Bad Hersfeld. Mit der Feststellung „Wer im Glashaus sitzt, sollte vorsichtig mit dem Schotter umgehen“, reagiert der Vorsitzende der Stadtverordnetenfraktion von SPD, Grünen und FWG, Bernd Wennemuth, auf die Forderung von NBL-Fraktionschef Michael Bock. Der hatte in einer Anfrage an den Magistrat die Offenlegung der Bezüge der Mitglieder in den Geschäftsführungen und Aufsichtsräten der städtischen Gesellschaften gefordert (unsere Zeitung berichtete).

„Herr Bock war von 1991 bis 1997 Kämmerer der Kreisstadt Bad Hersfeld.
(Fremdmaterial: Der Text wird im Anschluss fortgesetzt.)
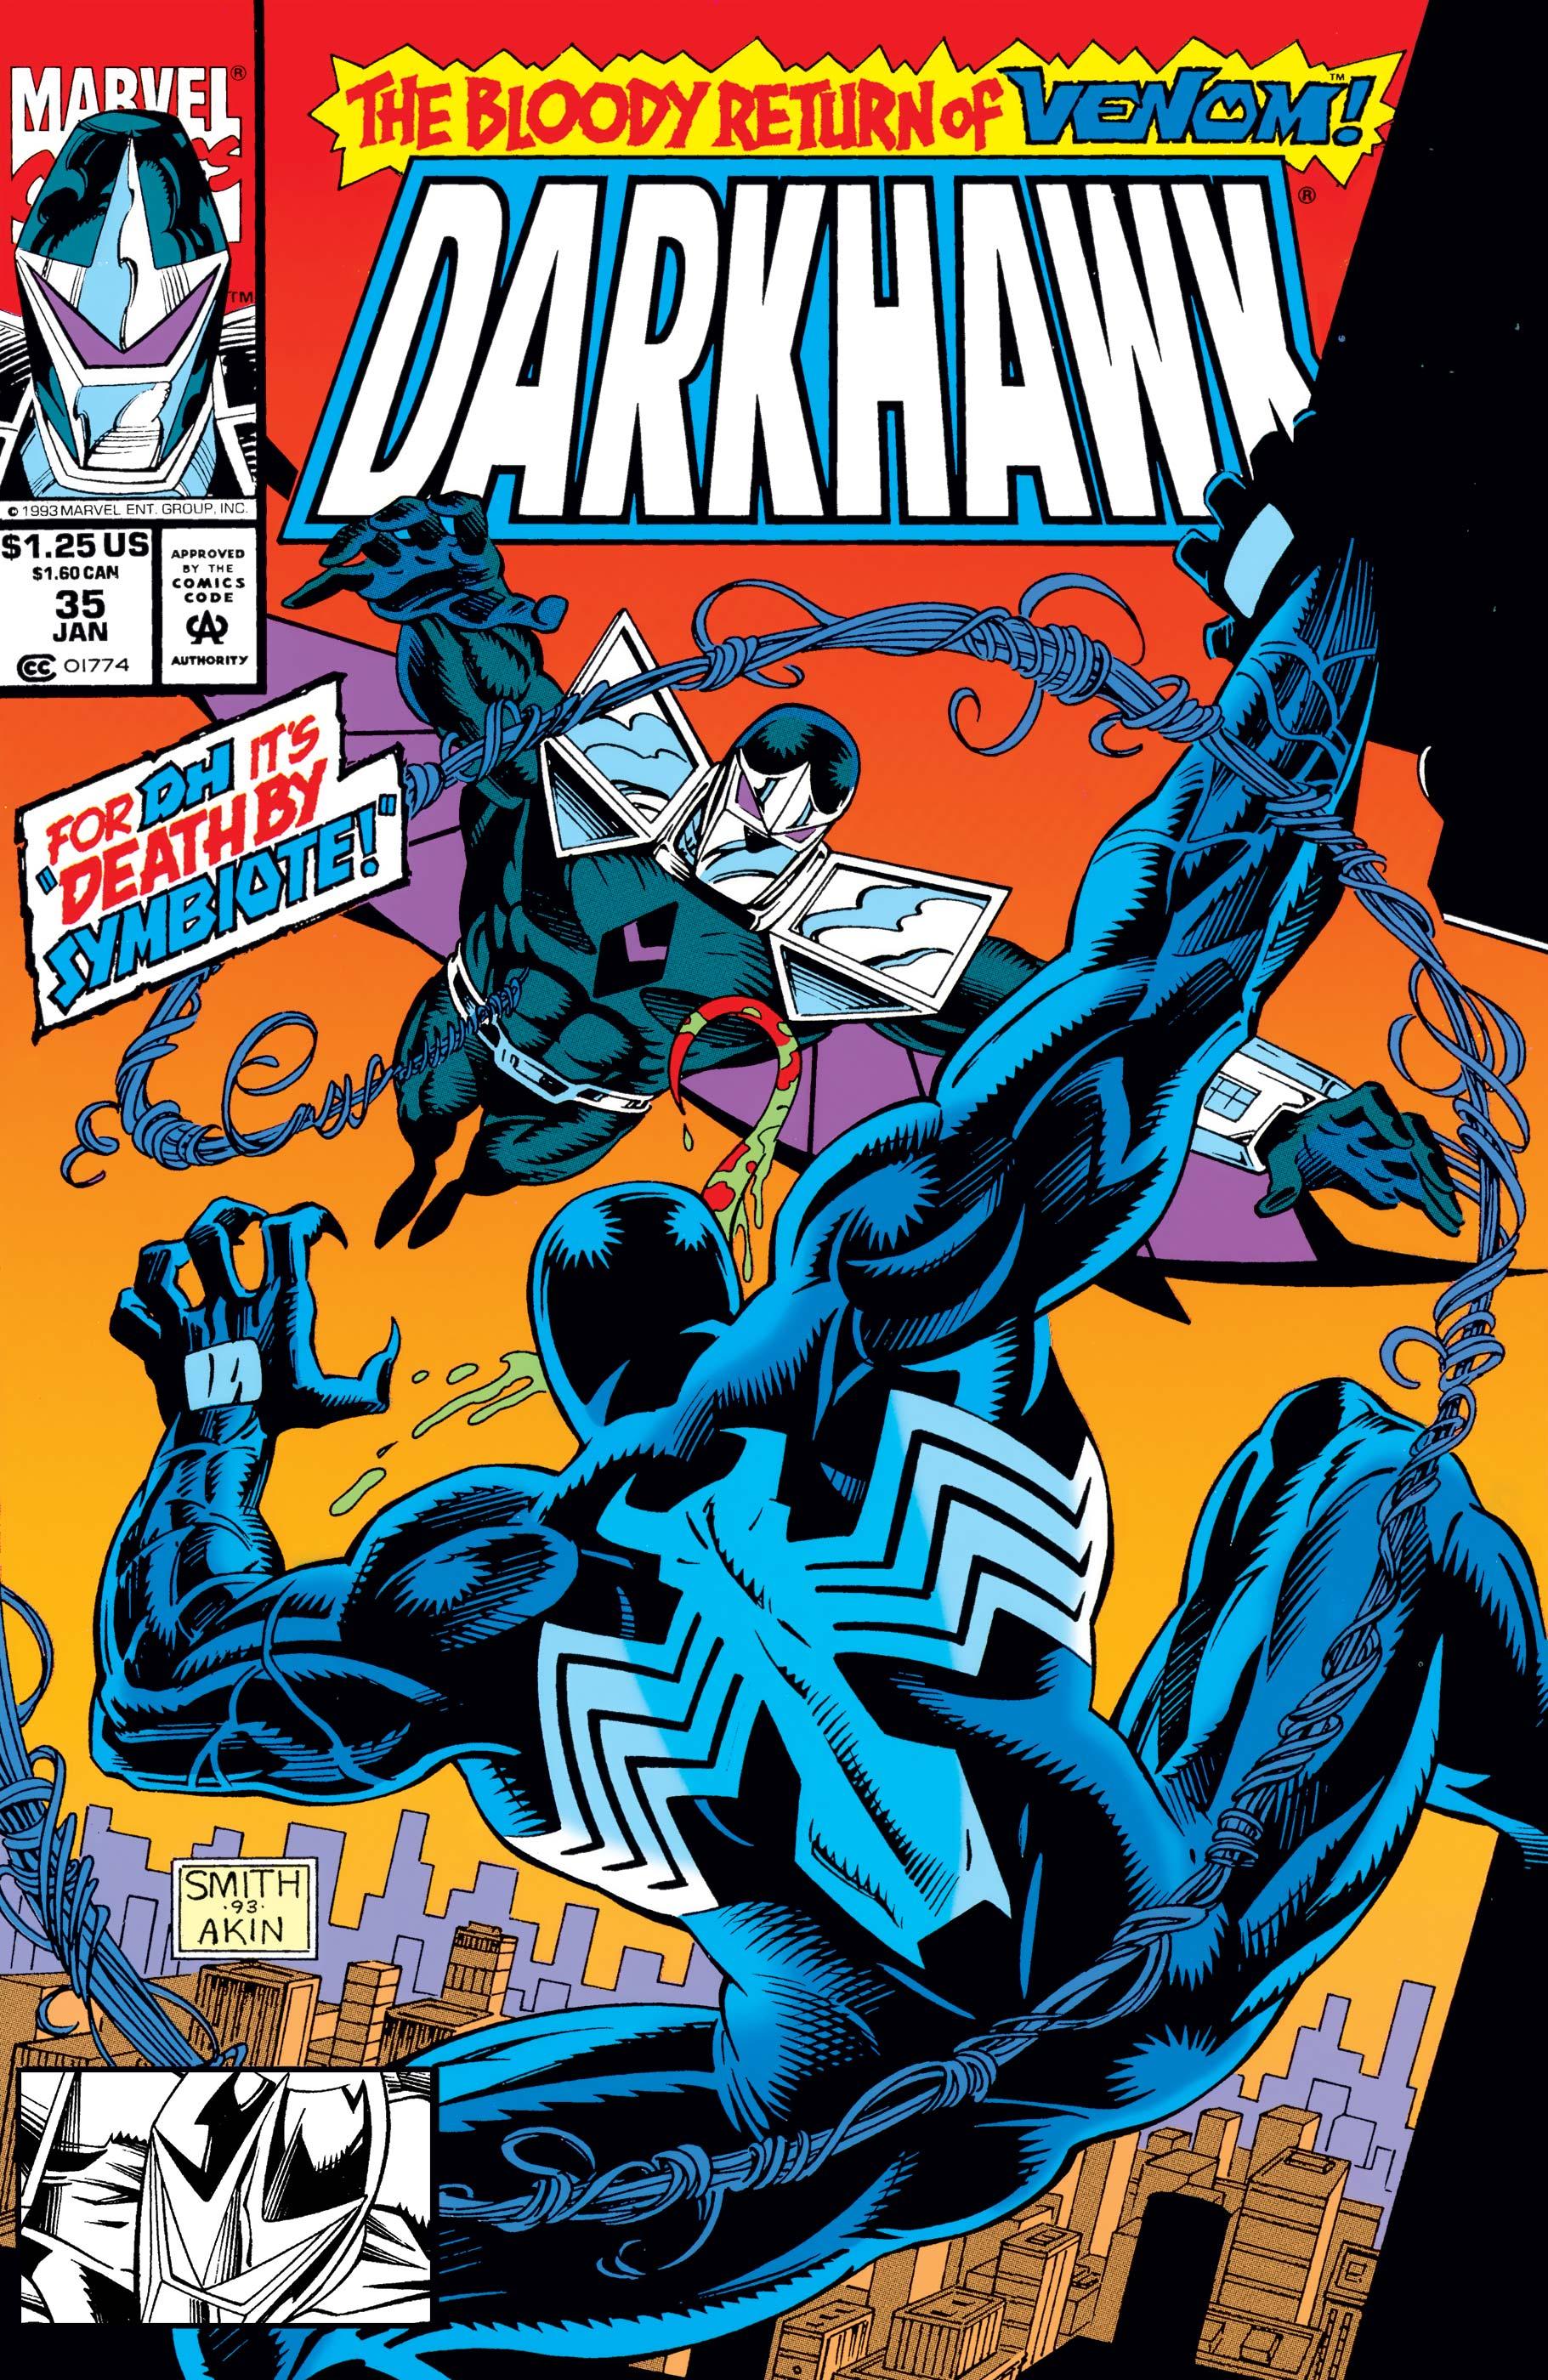 Darkhawk (1991) #35

Für diese sechs Jahre Arbeit hat er bis 2012 Versorgungsbezüge von weit über 600 000 Euro erhalten,“ heißt es in einer Presseerklärung der Fraktion.
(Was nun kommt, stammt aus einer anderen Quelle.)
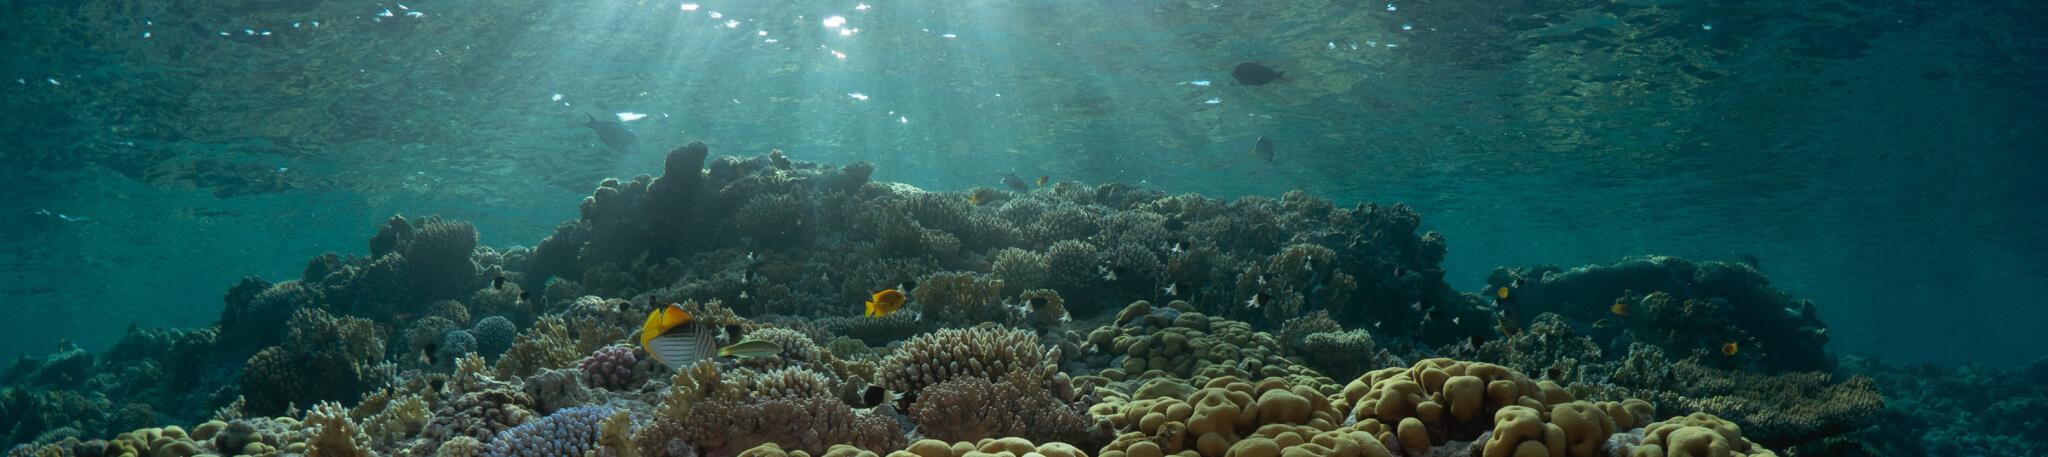 Scuba Travel, Dappled light, Red Sea, Sunbeams

Jedem normalen Arbeitnehmer dürfte bei diesen Zahlen schwindlig werden, meint Wennemuth. Derselbe Herr Bock versuche nun, die ehrenamtlich Tätigen wegen 30 Euro Sitzungsgeld, das noch dazu versteuert werde zu diffamieren, beklagt der SPD-Politiker. „Nur Freiberufler wie Herr Bock und Selbständige können mehr als 30 Euro als Verdienstausfall geltend machen“, hält Wennemuth Bock vor.

Zudem sei die NBL in allen Gremien vertreten, doch keines ihrer Mitglieder habe bisher Sitzungsgelder an die Stadt zurückgezahlt, heißt es in der Erklärung weiter. Wennemuth: „Die NBL langt also ungeniert zu.“

Alles kein Geheimnis

Die Aufwandsentschädigungen aller Stadtverordneten seien kein Geheimnis, die Besetzung der städtischen Gremien nach Recht und Gesetz und nach Mehrheitsverhältnissen erfolgt, fährt Wennemuth fort und stellt abschließend fest: „Ich weise Herrn Bocks Unterstellungen und Diffamierungen auf das Schärfste zurück!“

(red/ks)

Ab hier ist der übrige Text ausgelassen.